[Author Prev][Author Next][Thread Prev][Thread Next][Author Index][Thread Index]
Re: [tor-bugs] #23817 [Core Tor/Tor]: Tor re-tries directory mirrors that it knows are missing microdescriptors
#23817: Tor re-tries directory mirrors that it knows are missing microdescriptors
-------------------------------------------------+-------------------------
Reporter: teor | Owner: (none)
Type: defect | Status: new
Priority: Medium | Milestone: Tor:
| 0.3.3.x-final
Component: Core Tor/Tor | Version:
Severity: Normal | Resolution:
Keywords: tor-guard, tor-hs, prop224, | Actual Points:
032-backport? 031-backport? |
Parent ID: #21969 | Points:
Reviewer: | Sponsor:
-------------------------------------------------+-------------------------
Comment (by asn):
Replying to [comment:10 teor]:
> Replying to [comment:9 asn]:
> > Replying to [comment:7 teor]:
> > > Replying to [comment:6 asn]:
> > > > Here is an implementation plan of the failure cache idea from
comment:4 .
> > > >
> > > > First of all, the interface of the failure cache:
> > > >
> > > > We introduce a `digest256map_t *md_fetch_fail_cache` which maps
the 256-bit md hash to a smartlist of dirguards thru which we failed to
fetch the md.
> > > >
> > > > Now the code logic:
> > > >
> > > > 1) We populate `md_fetch_fail_cache` with dirguards in
`dir_microdesc_download_failed()`. We remove them from the failure cache
in `microdescs_add_to_cache()` when we successfuly add an md to the cache.
> > >
> > > Successfully add *that* md to the cache?
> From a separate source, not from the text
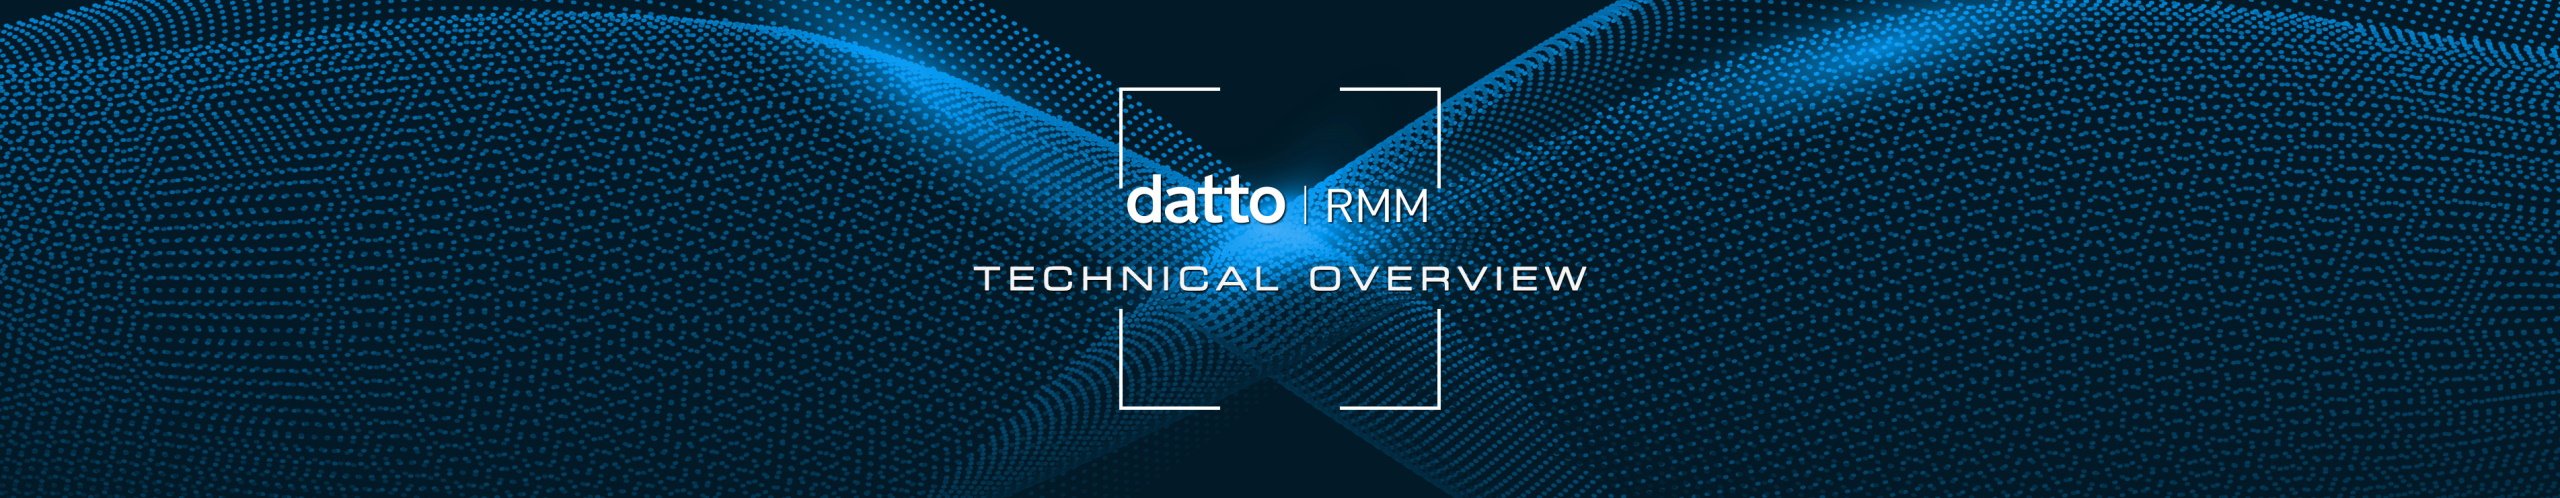 Datto RMM Technical Overview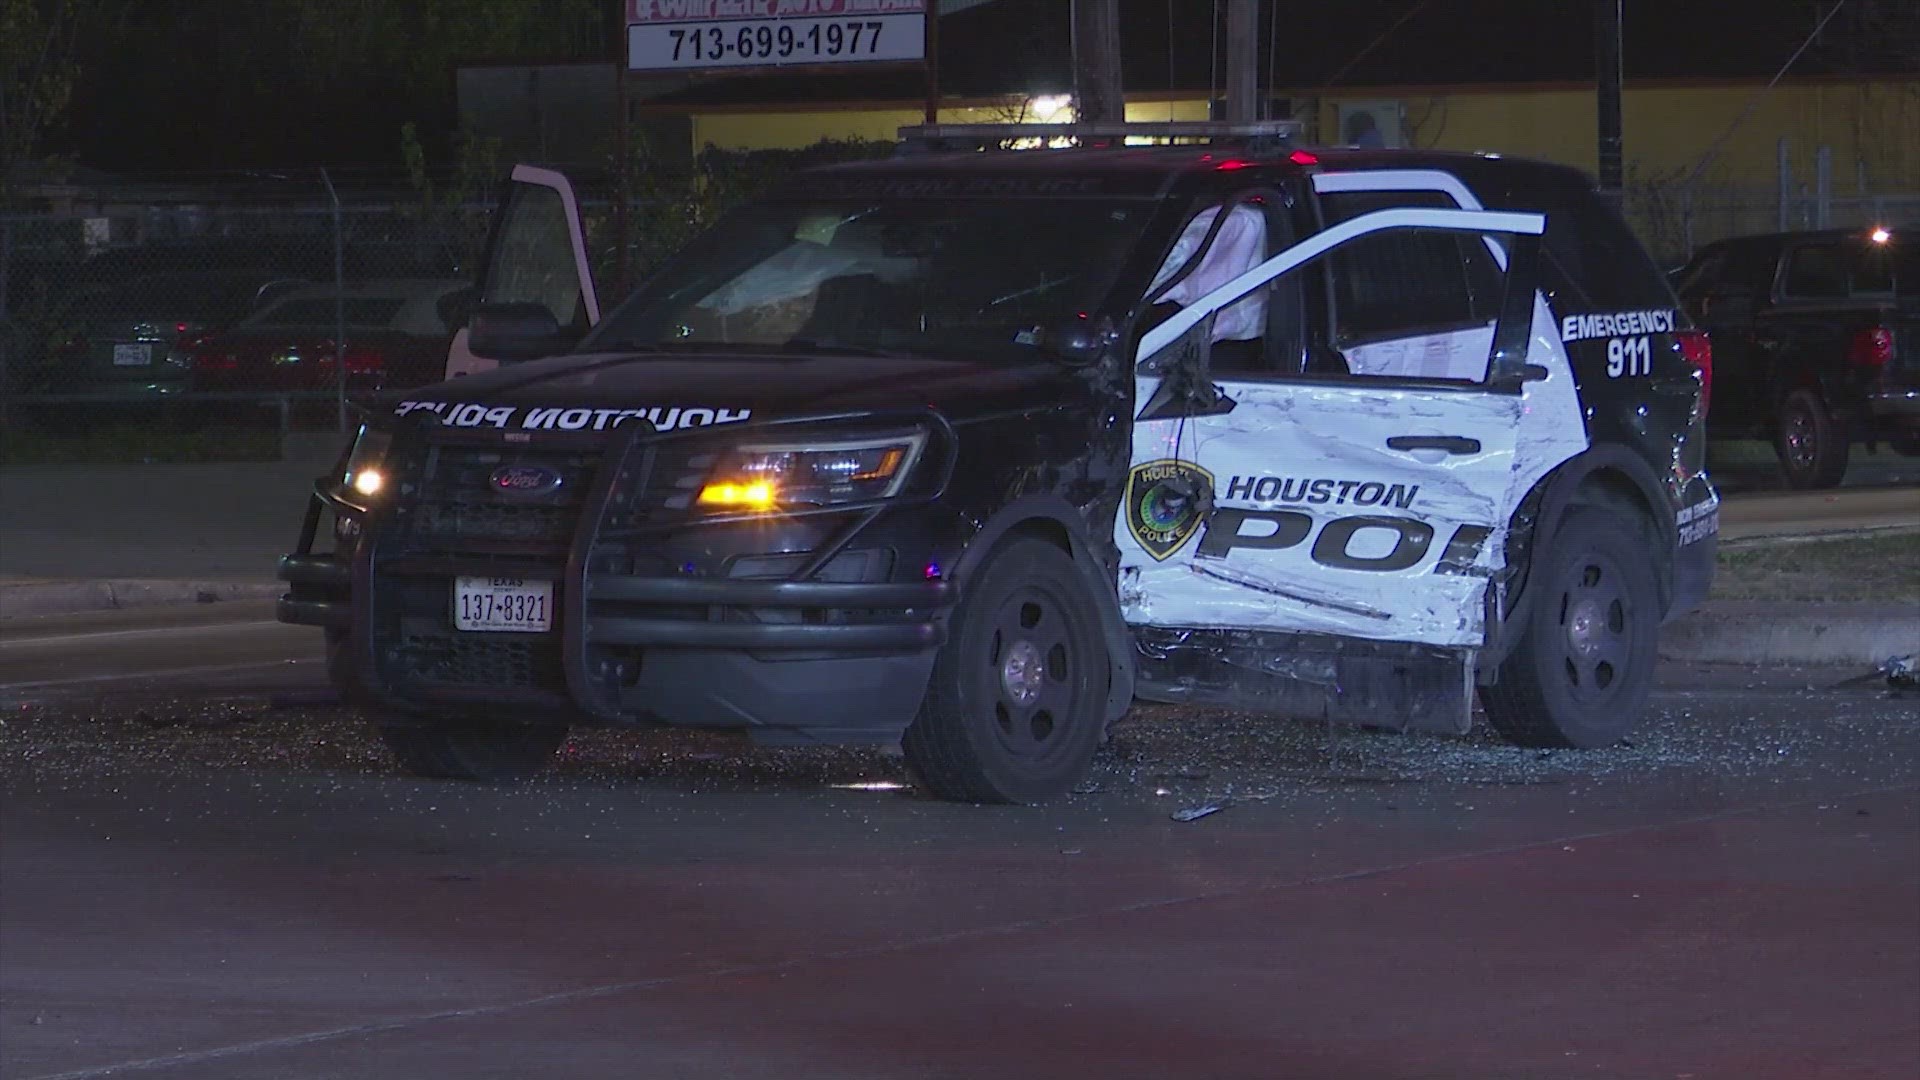 Houston police said at least one officer was injured Thursday night at the end of a chase.

> > > Or any md from that dirguard?
> > >
> >
> > I meant, we remove *that* md from the `md_fetch_fail_cache` if we
manage to fetch *that* md from any dir.
> >
> > > I think this is ok, as long as we ask for mds in large enough
batches.
> > >
> > > > 2) We add another `entry_guard_restriction_t` restriction type in
`guards_choose_dirguard()`. We currently have one restriction type which
is designed to restrict guard nodes based on the exit node choice and its
family. We want another type which uses a smartlist and restricts
dirguards based on whether we have failed to fetch an md from that
dirguard. We are gonna use this in step 3.
> > > >
> > > > 3) In `directory_get_from_dirserver()` we query the md failure
cache and pass any results to `directory_pick_generic_dirserver()` and
then to `guards_choose_dirguard()` which uses the new restriction type to
block previously failed dirguards from being selected.
> > >
> > > Do we block dirguards that have failed to deliver an md from
downloads of that md?
> > > Or do we block dirguards that have failed to deliver any mds from
downloads of any md?
> > >
> >
> > Yes, that's a good question that I forgot to address in this proposal.
> >
> > I guess my design above was suggesting that we block dirguards "that
have failed to deliver any mds from downloads of any md", until those mds
get fetched from another dirserver and get removed from the failure cache.
>
> I think this is the behaviour we want: trying each dir server for each
specific md will mean that we time out, because there are more mds than
there are dir servers.
>
> There are two cases when this will cause us to fall back to the
authorities:
> * we download a new consensus from the authorities, and they are the
only ones with some of the mds in it
> * for some reason, an md referenced in the consensus is not mirrored
correctly by relays or authorities (this would be a serious bug in tor)
>
> To avoid this happening when it isn't necessary, we should expire
failure cache entries after a random time. Maybe it should be the time
when we expect dir servers to fetch a new consensus and new mds. I think
this is 1-2 hours, but check dir-spec for the exact details. Or we could
expire md failure caches each time we get a new consensus. That would be
easier.
ACK. Based on our discussion above, I think the implementation can be
simplified since we decided to go with the "block dirguards that have
failed to deliver any mds from downloads of any md" approach:
Hence, instead of keeping track of which mds we failed to download from
which relays, we can just keep track of the relays that have outdated md
information without caring about which mds they failed to serve us. This
simplifies things a lot from an engineering perspective since we don't
need to map mds to relays. We can just keep an `outdated_dirserver_list`
smartlist with the list of outdated dirservers and ignore those when we
try to fetch mds.
This is also consistent with my empirical experience, where most
dirservers will usually provide us with all the mds we asked them, except
from a few dirservers which would refuse to give us 10 mds or so for a
while. So we can just ban those dirservers for a while using the above
logic.
And I agree with you, we should wipe the `outdated_dirservers_list` list
everytime we fetch a new consensus. Should we also clear it at any other
point? Maybe we should not let it grow to a huge size (cap it?).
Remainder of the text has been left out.